On May 25, 2011, Xi’an TCH entered into a Letter of Intent with ShenQiu YuNeng Thermal Power Co., Ltd. (“ShenQiu”) for Xi’an TCH to reconstruct and transform a Thermal Power Generation System owned by ShenQiu into a 75T/H Biomass Power Generation System for $3.5 million (RMB 22.5 million). The project commenced in June 2011, and was completed in the third quarter of 2011. On September 28, 2011, Xi’an TCH entered into a Biomass Power Generation Asset Transfer Agreement with ShenQiu. Per the Transfer Agreement, ShenQiu sold to Xi’an TCH a set of 12 MW biomass power generation systems, effectuation of such sale occurring after Xi’an TCH converted the system for biomass power generation purposes.  As consideration for the biomass power generation system, Xi’an TCH agreed to pay ShenQiu $10,937,500 (RMB 70 million) in cash in three installments within six months upon the transfer of ownership of the system. As of June 30, 2012, $9,012,000 (RMB 57,000,000) was paid by Xi’an TCH to ShenQiu, of which $7.5 million was paid in cash and $1.5 million in notes maturing on various dates from September to December 2012. In July 2012, the remaining balance of $2.1 million was paid in full. On September 28, 2011, Xi’an TCH and ShenQiu also entered into a Biomass Power Generation Project Lease Agreement (the “Lease Agreement”).  Under the Lease Agreement, Xi’an TCH agreed to lease the set of 12 MW biomass power generation systems to ShenQiu for $286,000 (RMB 1,800,000) per month for a term of 11 years. Upon completion of the Lease Agreement, ownership of this system will be transferred from Xi’an TCH to Shenqiu at no cost.

 

On June 13, 2012, Huahong, a subsidiary of the Company, obtained preliminary approval from Department of Commerce of Shaanxi Province to reduce its investment amount from $10 million to $5 million and its registered capital from $10 million to $2.5 million.

 

The unaudited financial statements included herein were prepared by the Company, pursuant to the rules and regulations of the Securities and Exchange Commission (“SEC”).  The information furnished herein reflects all adjustments (consisting of normal recurring accruals and adjustments) that are, in the opinion of management, necessary to fairly present the operating results for the respective periods.

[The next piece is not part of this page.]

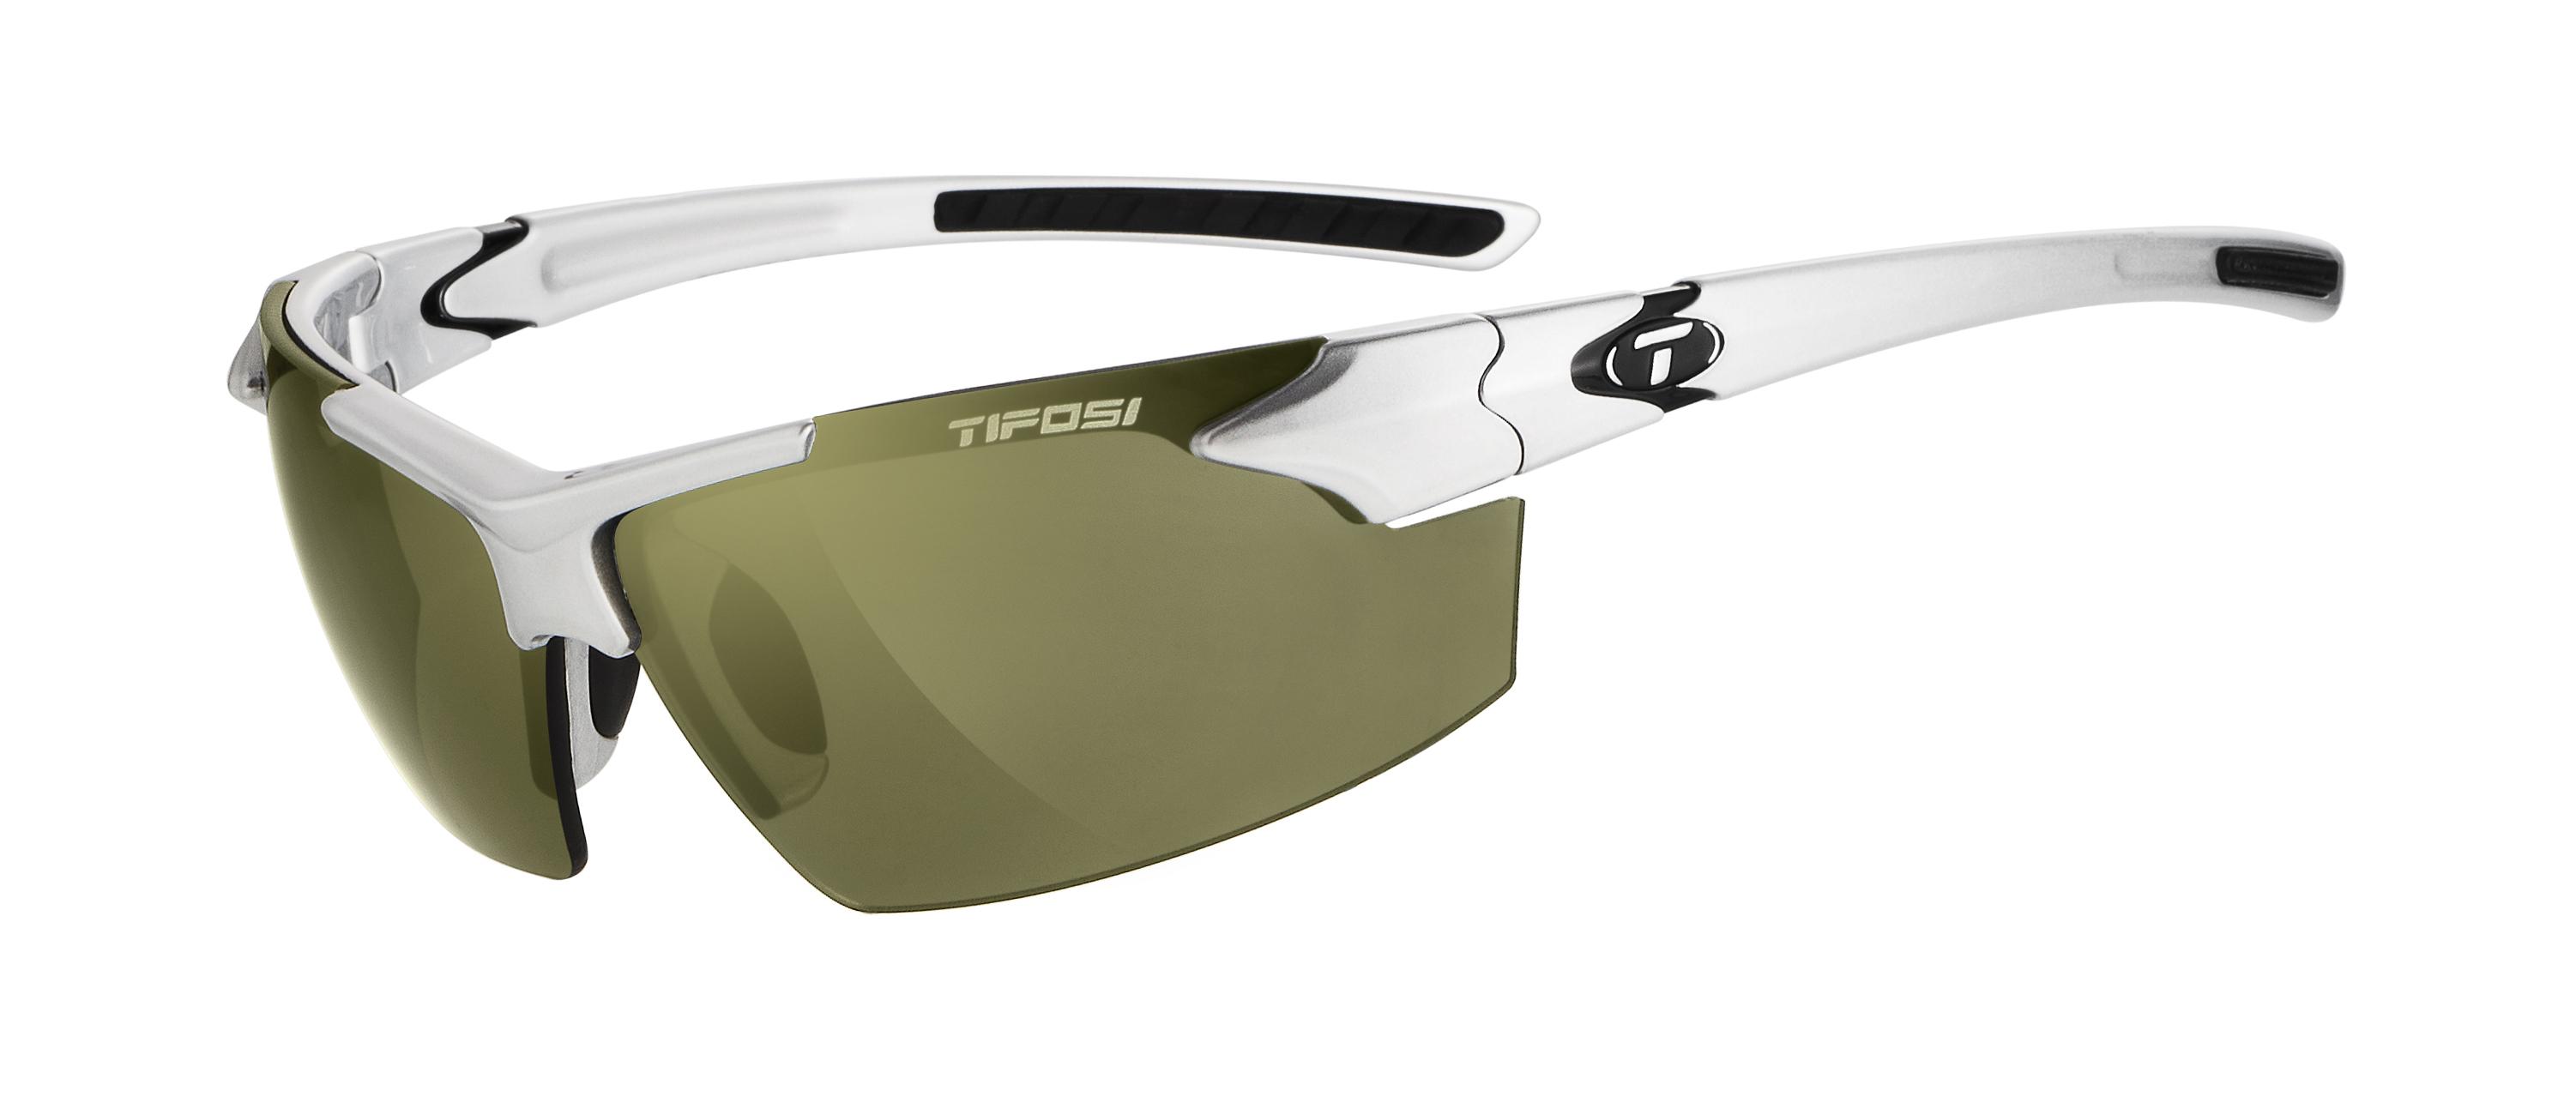 Tifosi Jet FC Metallic Silver GT Lens

Certain information and footnote disclosures normally present in annual financial statements prepared in accordance with accounting principles generally accepted in the United States of America (“US GAAP”) were omitted pursuant to such rules and regulations. These financial statements should be read in conjunction with the audited financial statements and footnotes included in the Company’s 2011 audited financial statements included in the Company’s Annual Report on Form 10-K.  The results for the six and three months ended June 30, 2012 are not necessarily indicative of the results expected for the full year ending December 31, 2012.